Using (28), the following obvious estimate

$$\begin{aligned} 3\le f_{n}\le7, \quad n\in {\mathbb {N}}_{0}, \end{aligned}$$

(30)

and the triangle inequality in (29), we get

$$\vert x_{n} \vert \ge\frac{3}{2} n- \vert x_{0} \vert ,\quad n\in {\mathbb {N}}_{0}, $$

from which it follows that each solution to equation (1) in this case is unbounded.

If we assume that $f_{n}$ is a positive sequence such that $\lim_{n\to +\infty}f_{n}=0$ and $\sum_{j=0}^{\infty}f_{j}=+\infty$ (for example, $f_{n}=1/\ln(n+2)$, $n\in {\mathbb {N}}_{0}$), and that $q_{n}$ is chosen as above, then from (2) and the fact $1\le Q_{n}\le Q$, $n\in {\mathbb {N}}_{0}$, we have

$$\vert x_{n} \vert =Q_{n} \Biggl\vert x_{0}+ \sum_{j=0}^{n-1}\frac{f_{j}}{Q_{j+1}} \Biggr\vert \ge \Biggl\vert - \vert x_{0} \vert +\frac{1}{Q} \sum_{j=0}^{n-1}f_{j} \Biggr\vert \to+\infty, $$

as $n\to+\infty$, from which it follows that none of the solutions to equation (1) in this case converges to zero. Specially, every solution to the difference equation

$$x_{n+1}=\frac{(n+2)^{2}}{(n+1)(n+3)}x_{n}+\frac{1}{\ln(n+2)},\quad n\in {\mathbb {N}}_{0}, $$

is unbounded.

Now we consider the case when $n\in {\mathbb {Z}}\setminus {\mathbb {N}}$. If in (1) is $q_{n}\ne0$ for every $n\in {\mathbb {Z}}\setminus {\mathbb {N}}_{0}$, then the sequence $x_{n}$ is not only well-defined on the set ${\mathbb {N}}_{0}$, but also for every $n\in {\mathbb {Z}}$. Indeed, if $n\le0$, then from (1) we have

$$\begin{aligned} x_{-n}=\frac{x_{-(n-1)}}{q_{-n}}-\frac {f_{-n}}{q_{-n}},\quad n\in {\mathbb {N}}. \end{aligned}$$

(31)

Using one of the methods for solving equation (1), from (31) the following is obtained:

$$\begin{aligned} x_{-n}=\frac{x_{0}-\sum_{j=1}^{n}f_{-j}\prod_{l=1}^{j-1}q_{-l}}{\prod_{j=1}^{n}q_{-j}} \end{aligned}$$

(32)

for $n\in {\mathbb {N}}$.

Closed form formulas (2) and (32) together present the general solution to equation (1) on ${\mathbb {Z}}$, when $q_{n}\ne0$, for $n\in {\mathbb {Z}}\setminus {\mathbb {N}}_{0}$.

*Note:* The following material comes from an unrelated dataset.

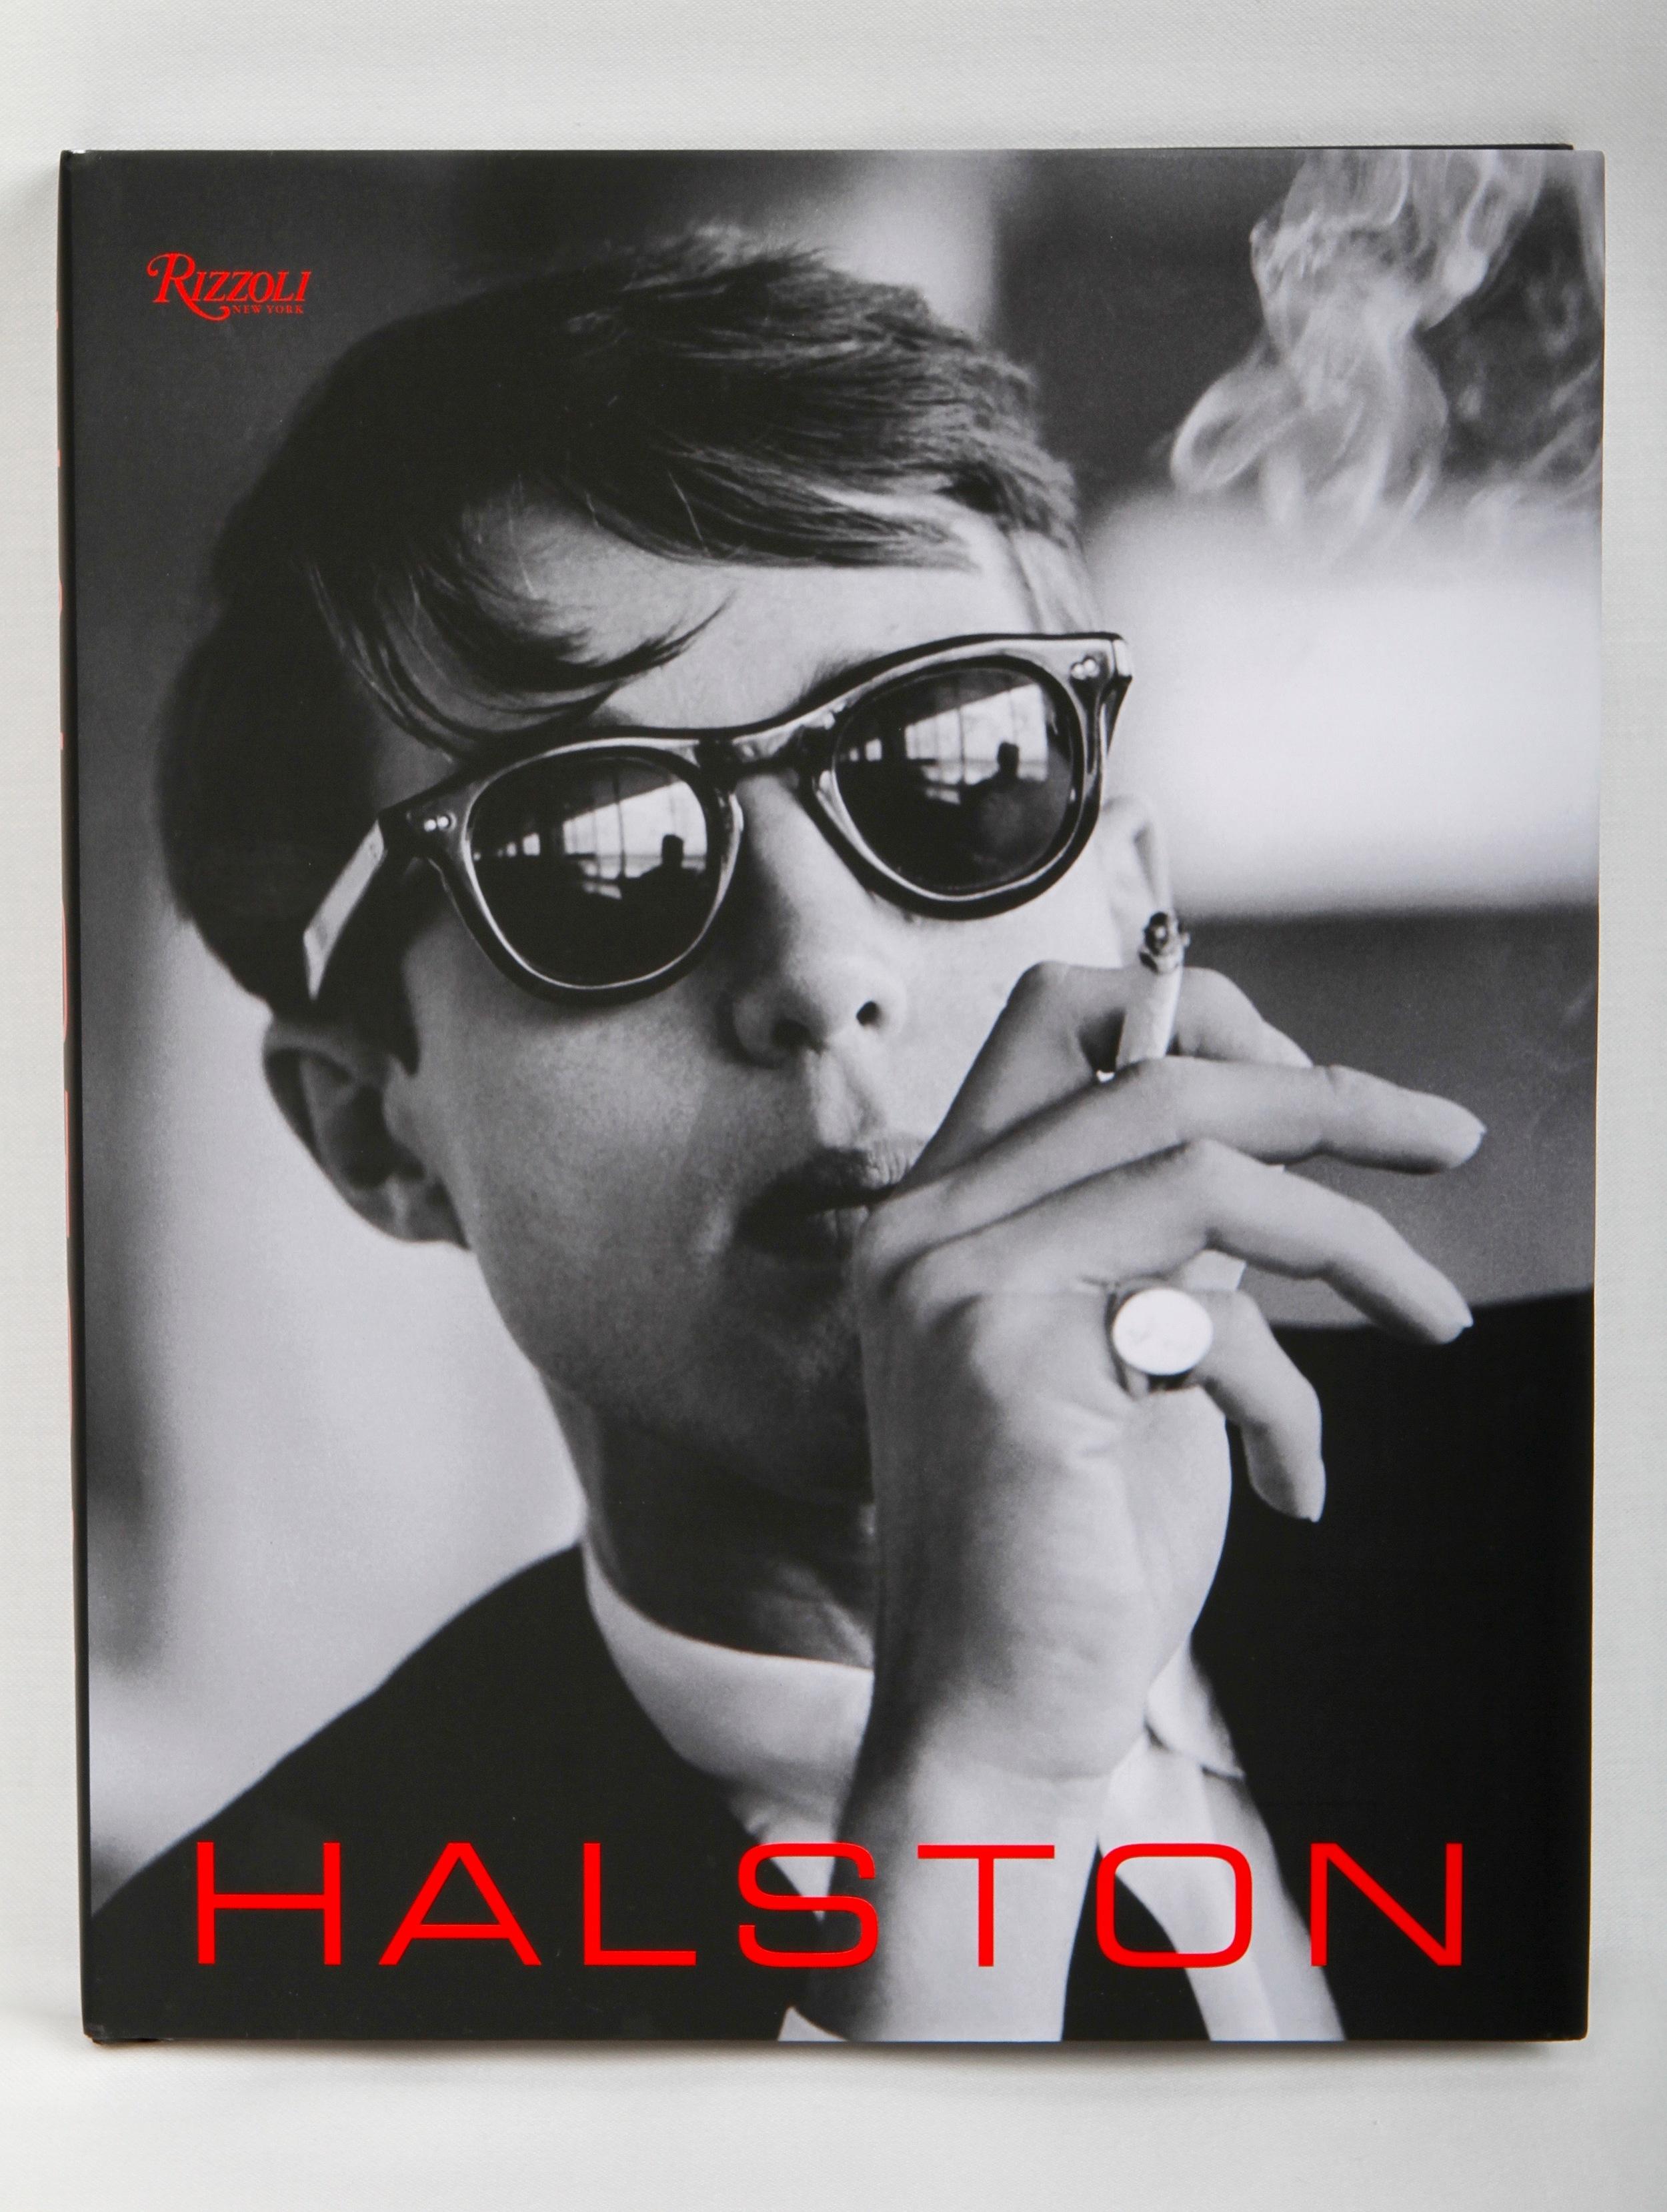 Halston: Inventing American Fashion
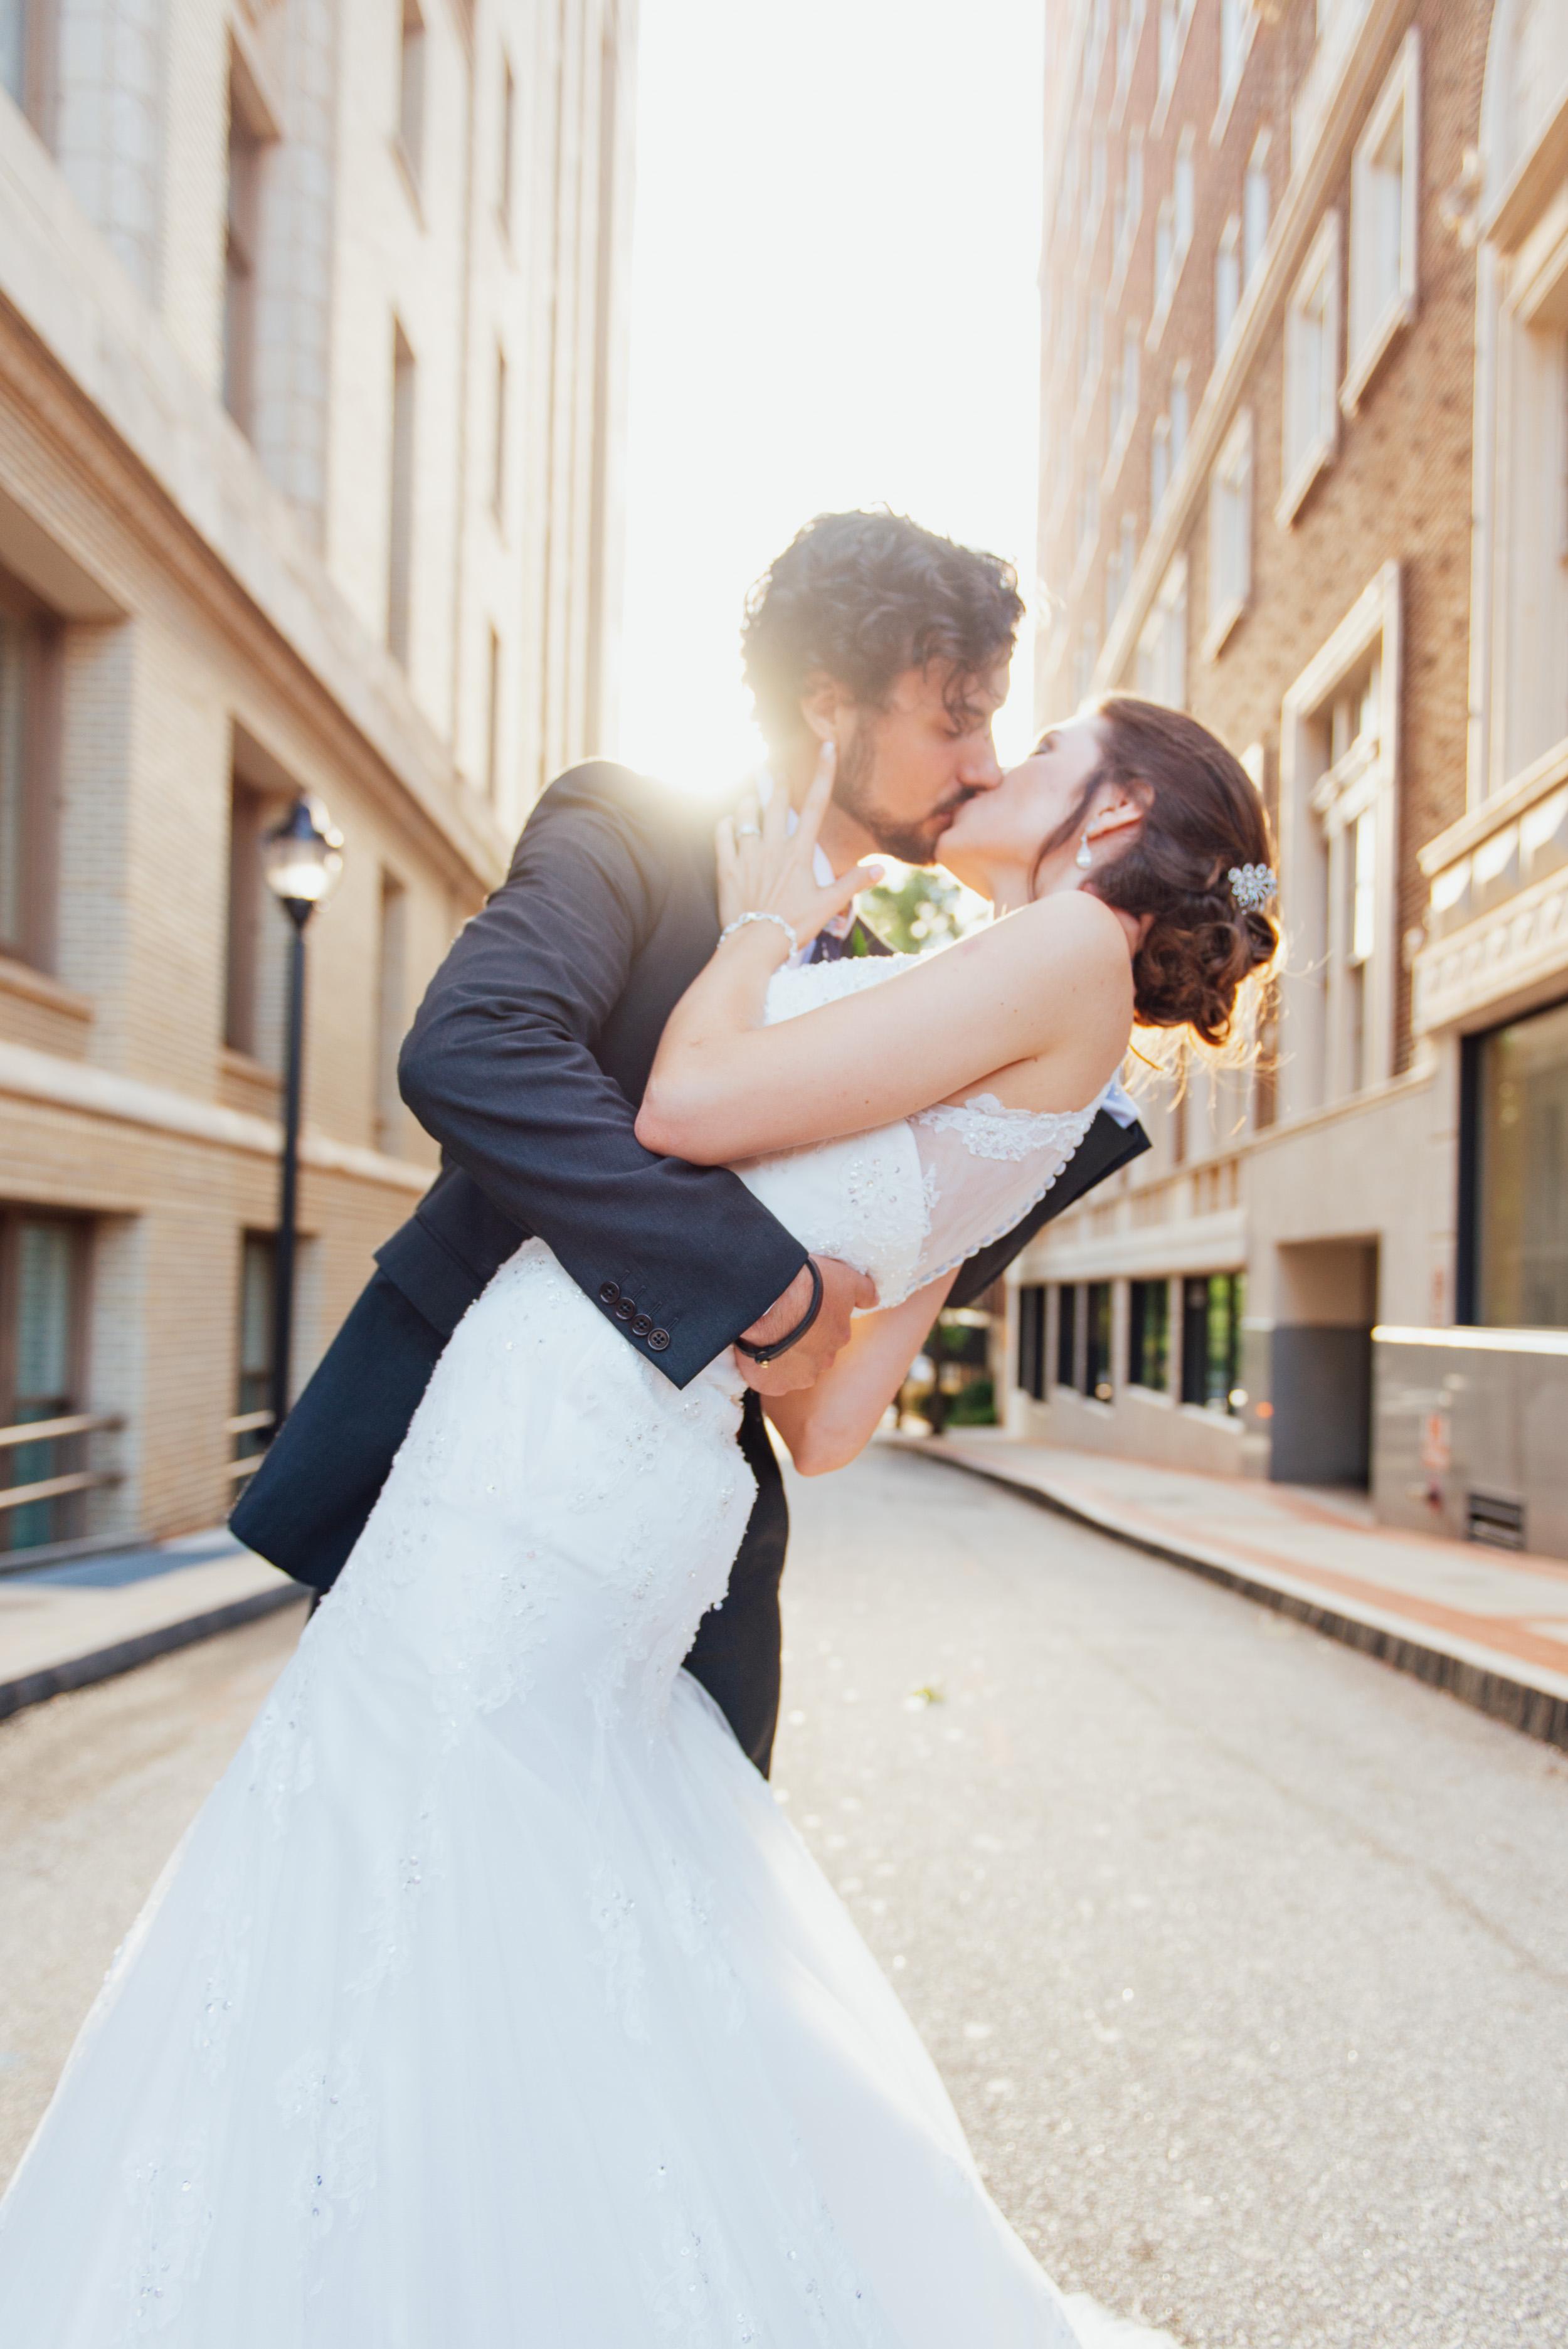 cleland-studios-wedding-photography-57.jpg

Now we formulate and prove the corresponding results to Theorems 1 and 2 concerning bounded solutions to equation (31). The results are dual to Theorems 1 and 2 and are essentially obtained from them by using the change of variables $y_{n}=x_{-n}$. However, there are some different details which are used later in the text. Because of this and for the completeness, we will sketch their proofs.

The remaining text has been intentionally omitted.